The Senning lab focuses on the mechanisms of ion channel regulation in a class of sensory neurons known as nociceptors. The brain receives signals from the peripheral nervous system through the spinal cord. Some of these signals come in through the dorsal horn from DRG nociceptors, which extend processes out to the peripheral tissues, where molecular receptors act to change the excitability of the neuron. Because of its role in pain sensation, our research effort is directed at the function of TRPV1, which is a non-selective ion channel expressed in nociceptors. We consider three aspects of TRPV1 regulation and consequences to nociceptor excitability:

Nociceptors are modulated by a wide variety of sensory inputs. In the case of TRPV1 positive neurons, capsaicinoids, heat, acid and oxidation directly activate gating of TRPV1 to affect the excitability of the nociceptor. The poly-modal activation of TRPV1 beckons the question as to how such a broad set of inputs at near physiological levels can be integrated by the channel to modulate opening and closing.

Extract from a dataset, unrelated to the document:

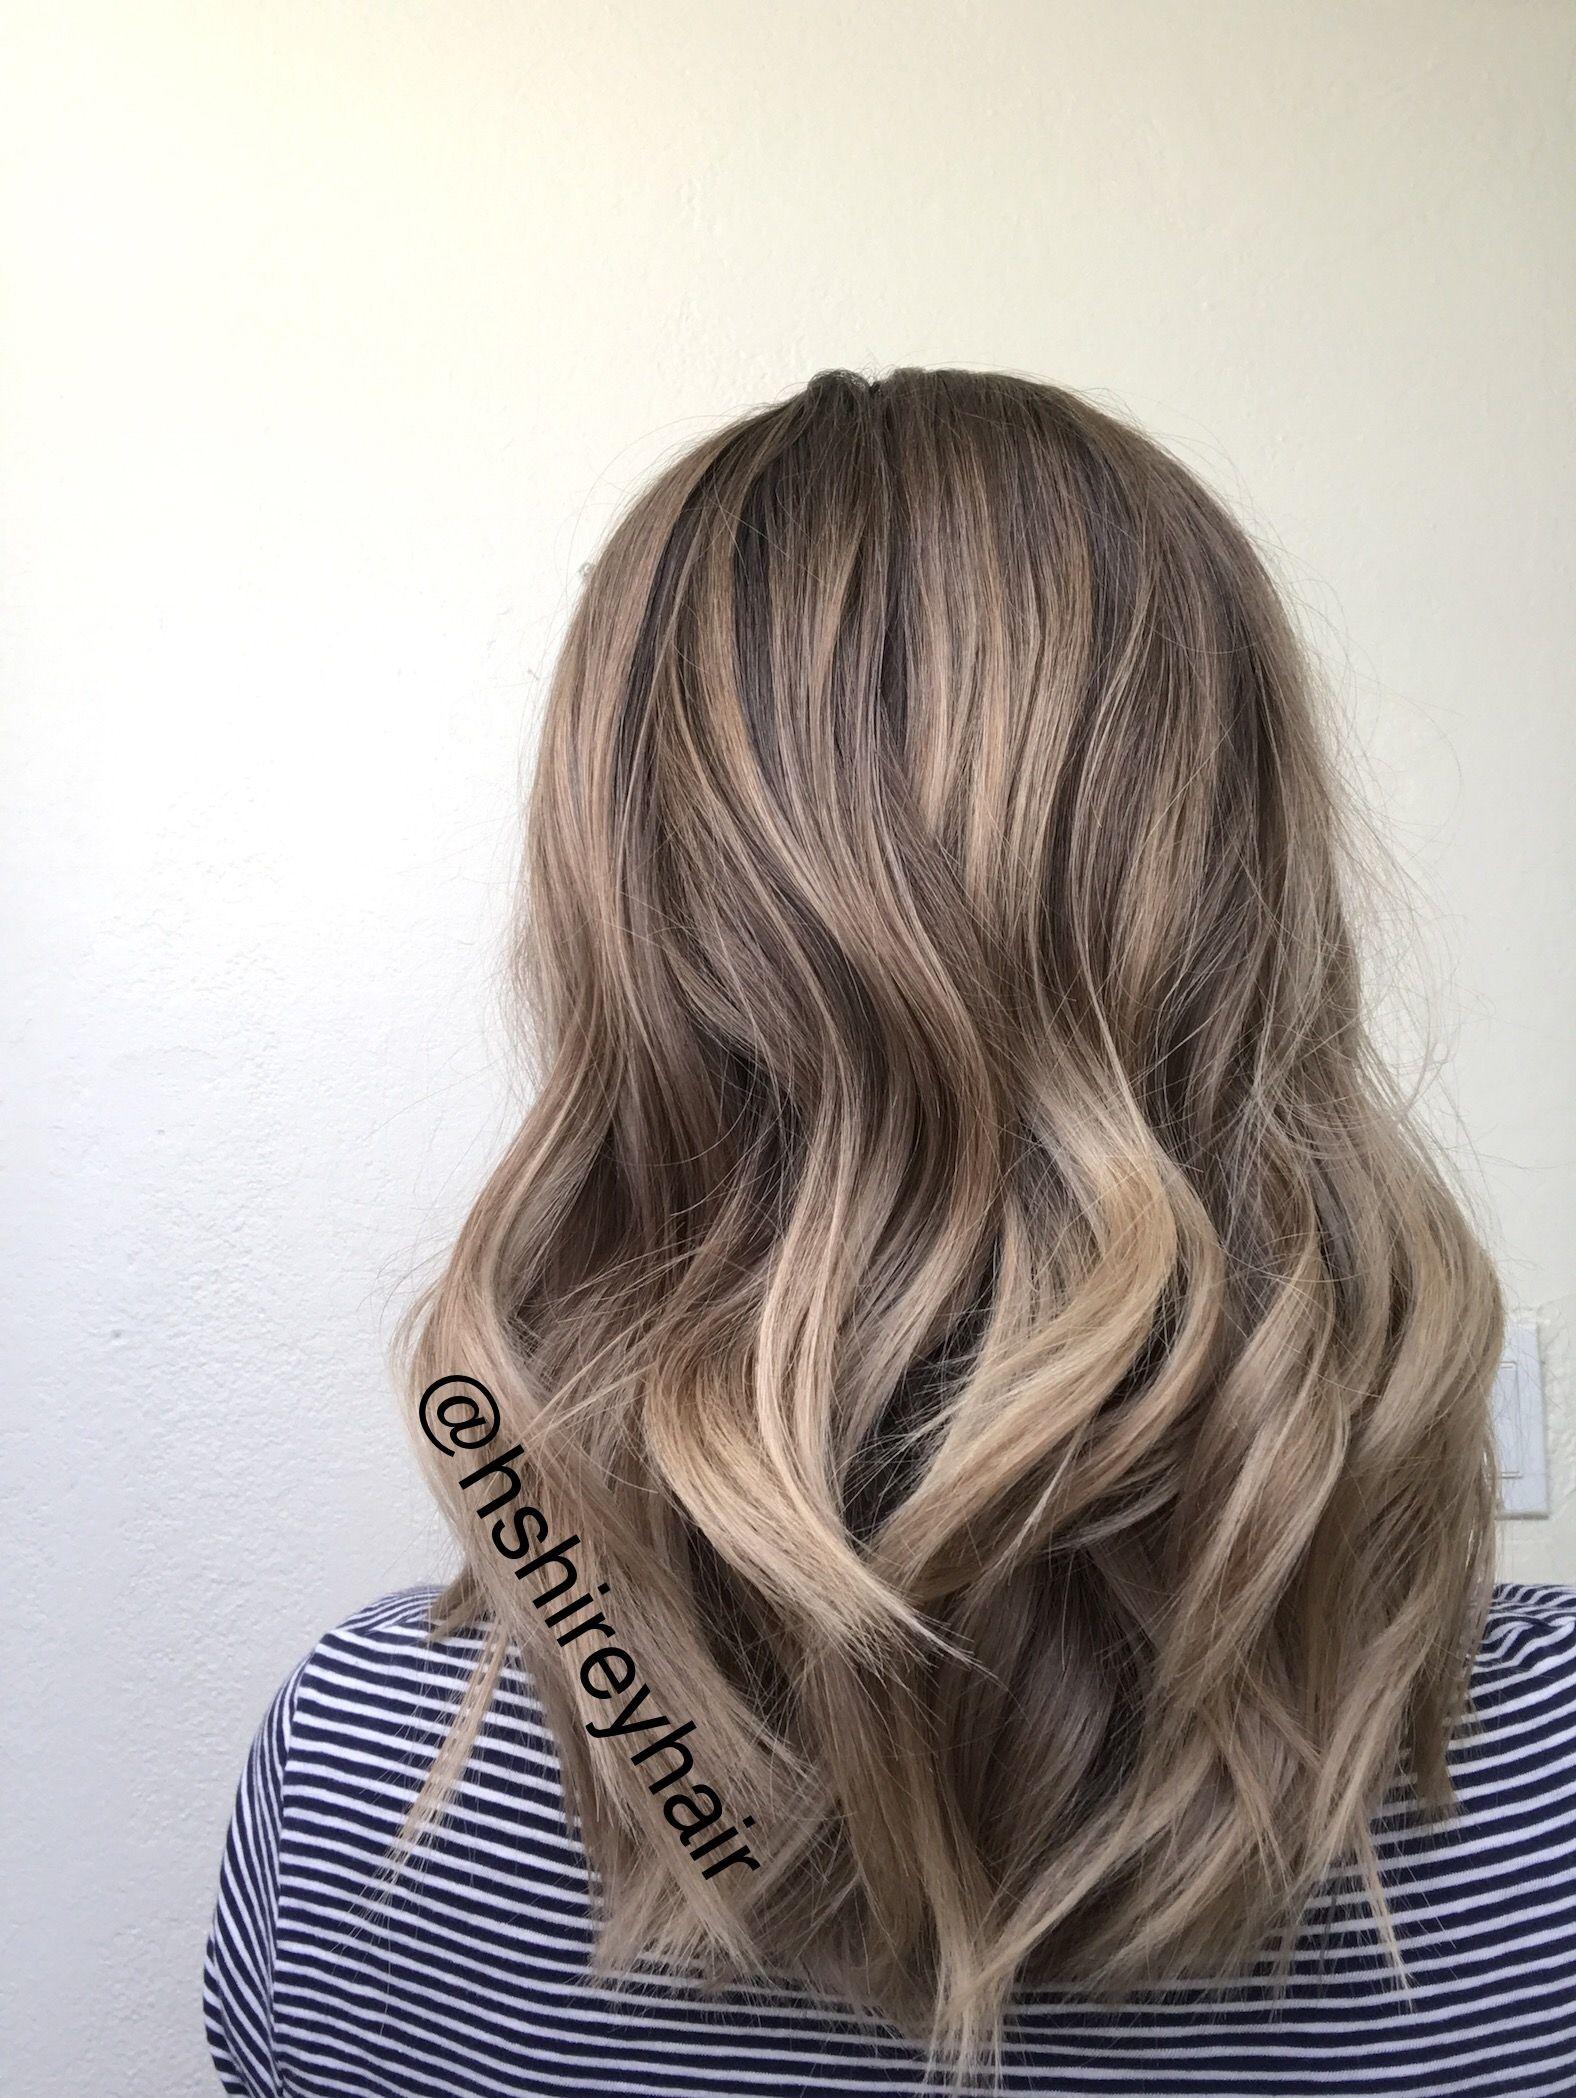 My Hair By Hana Shirey Hshireyhair Dirty Blonde Beige Blonde

Tissue inflammation results in the presences of an inflammatory soup that bathes the nociceptor in signaling molecules that influence the function of TRPV1 both directly (for example through acidity) or indirectly through signaling cascades. Both calcium and phosphatidylinositol 4,5-bisphosphate (PIP2) act as second messengers to influence the function of TRPV1, but the contentious issue is to what degree these act directly on the channel versus through indirect mechanisms such as channel phosphorylation.

The pseudo-unipolar character of the DRG nociceptor is evident given its branched axon and absence of any post-synaptic structures. This presents an interesting problem since an organizational polarity is lacking that would place TRPV1 at the periphery of the nociceptor. Our research is directed at identifying a mechanism that recruits TRPV1 to physiologically relevant sites.